### Provided data
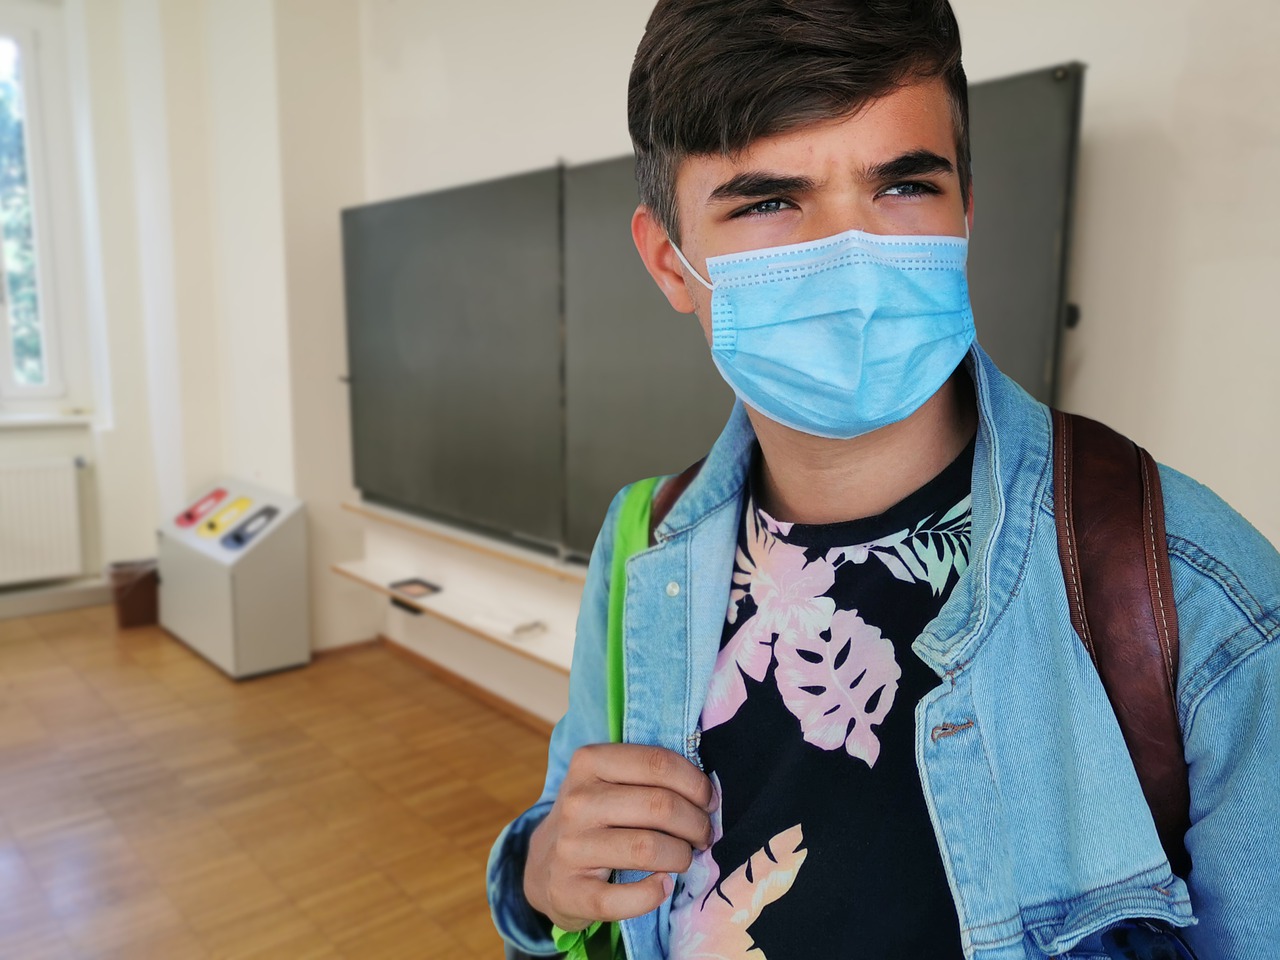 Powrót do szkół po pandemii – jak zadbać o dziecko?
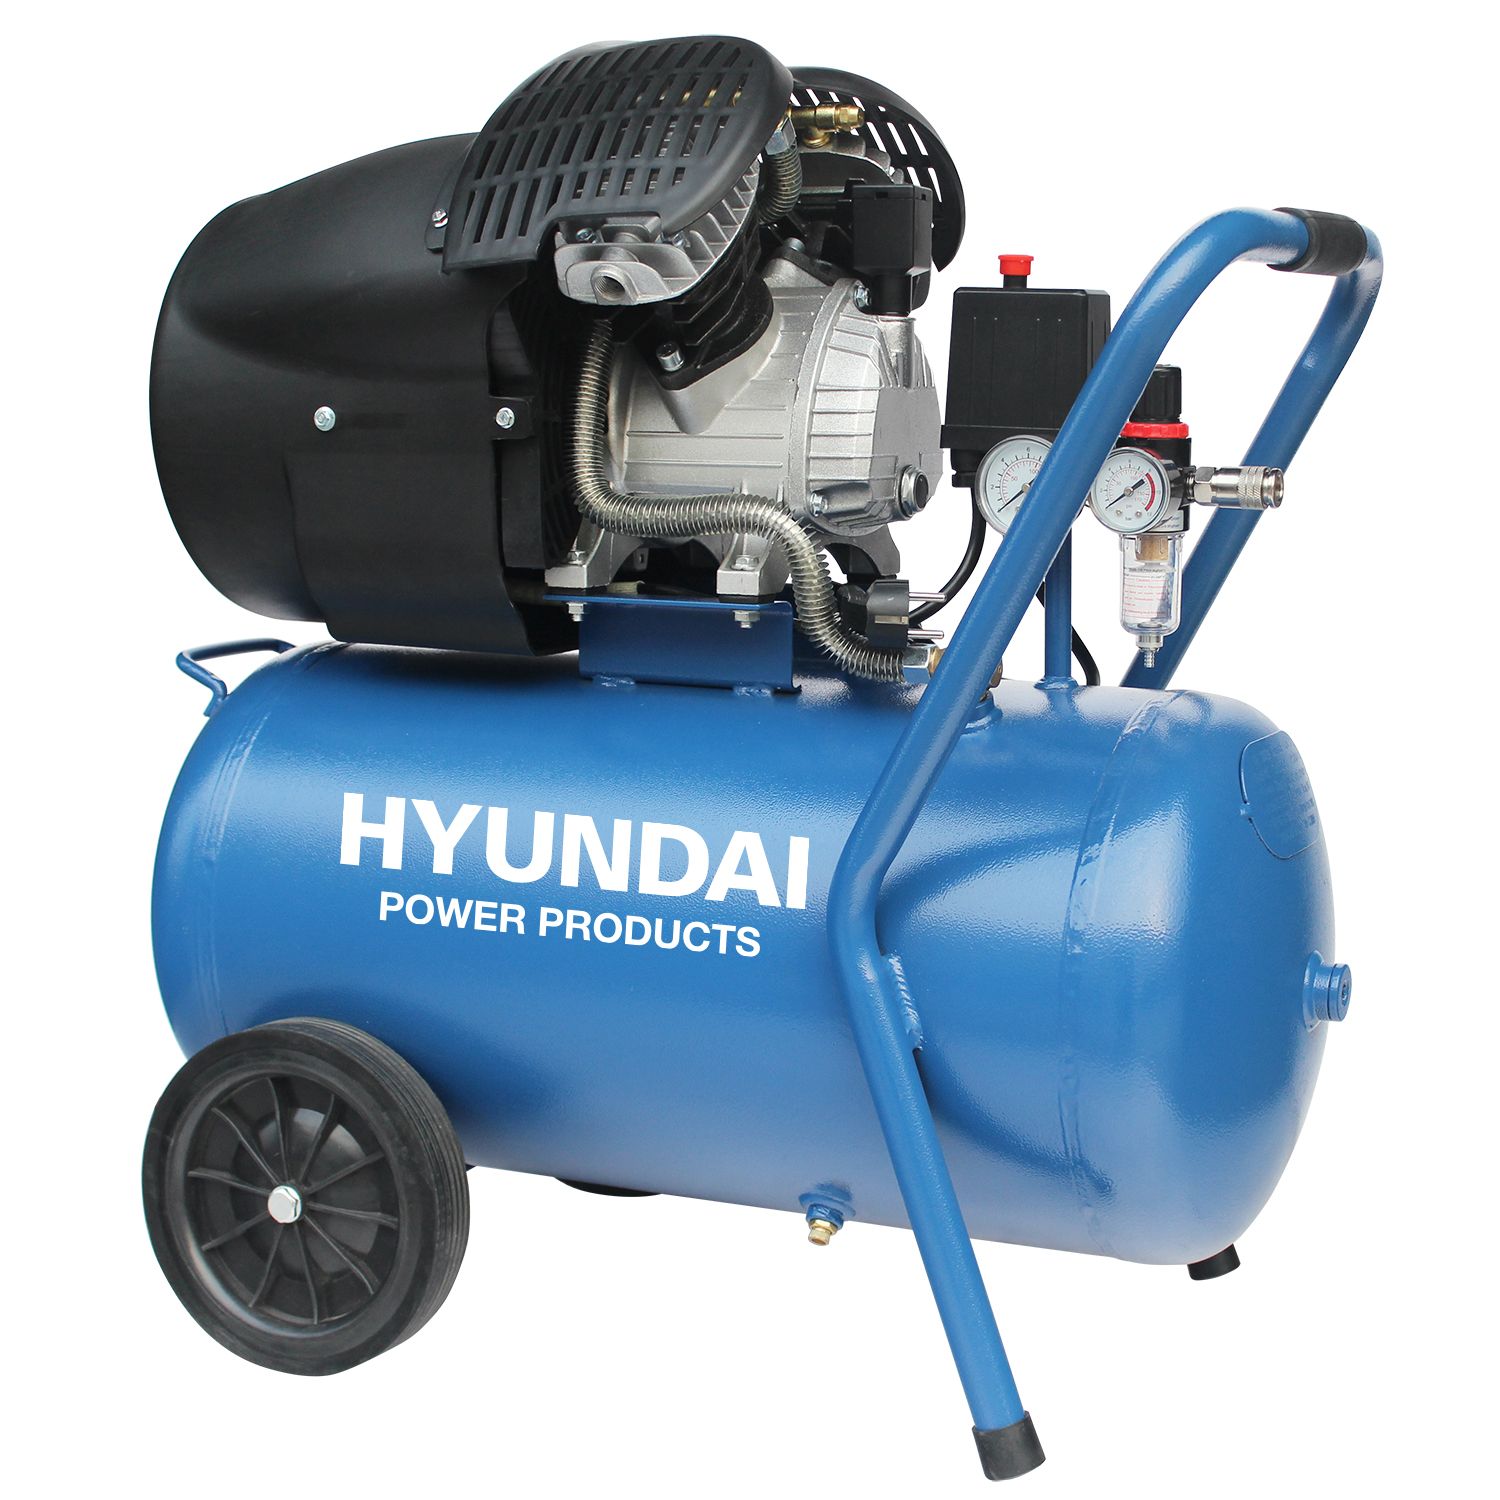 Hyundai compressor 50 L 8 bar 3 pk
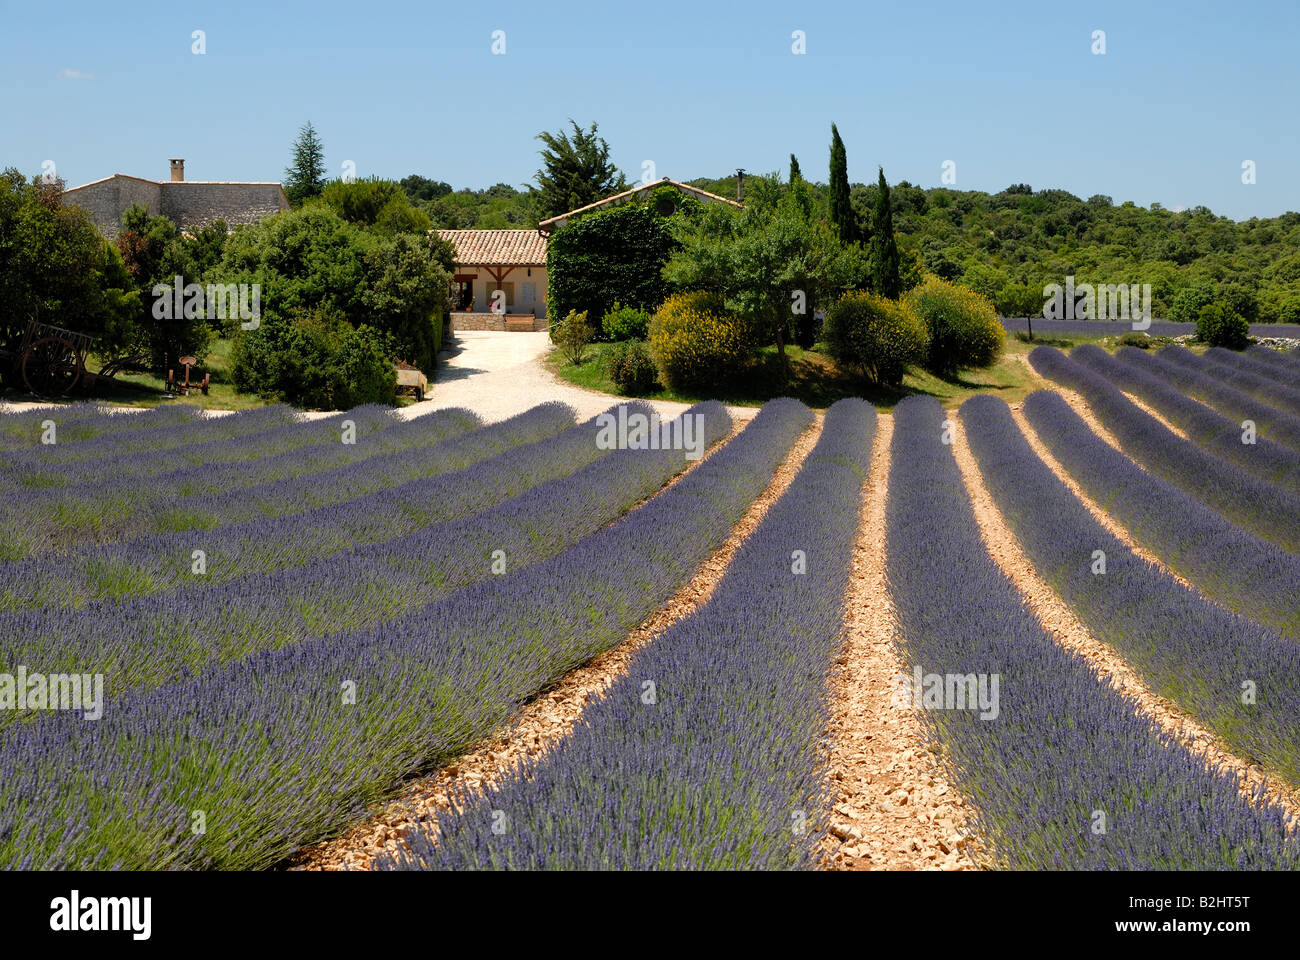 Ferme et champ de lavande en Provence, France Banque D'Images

### Activity
Reprint the listing above verbatim but drop the images.

### Reply
 Powrót do szkół po pandemii – jak zadbać o dziecko?
 Hyundai compressor 50 L 8 bar 3 pk
 Ferme et champ de lavande en Provence, France Banque D'Images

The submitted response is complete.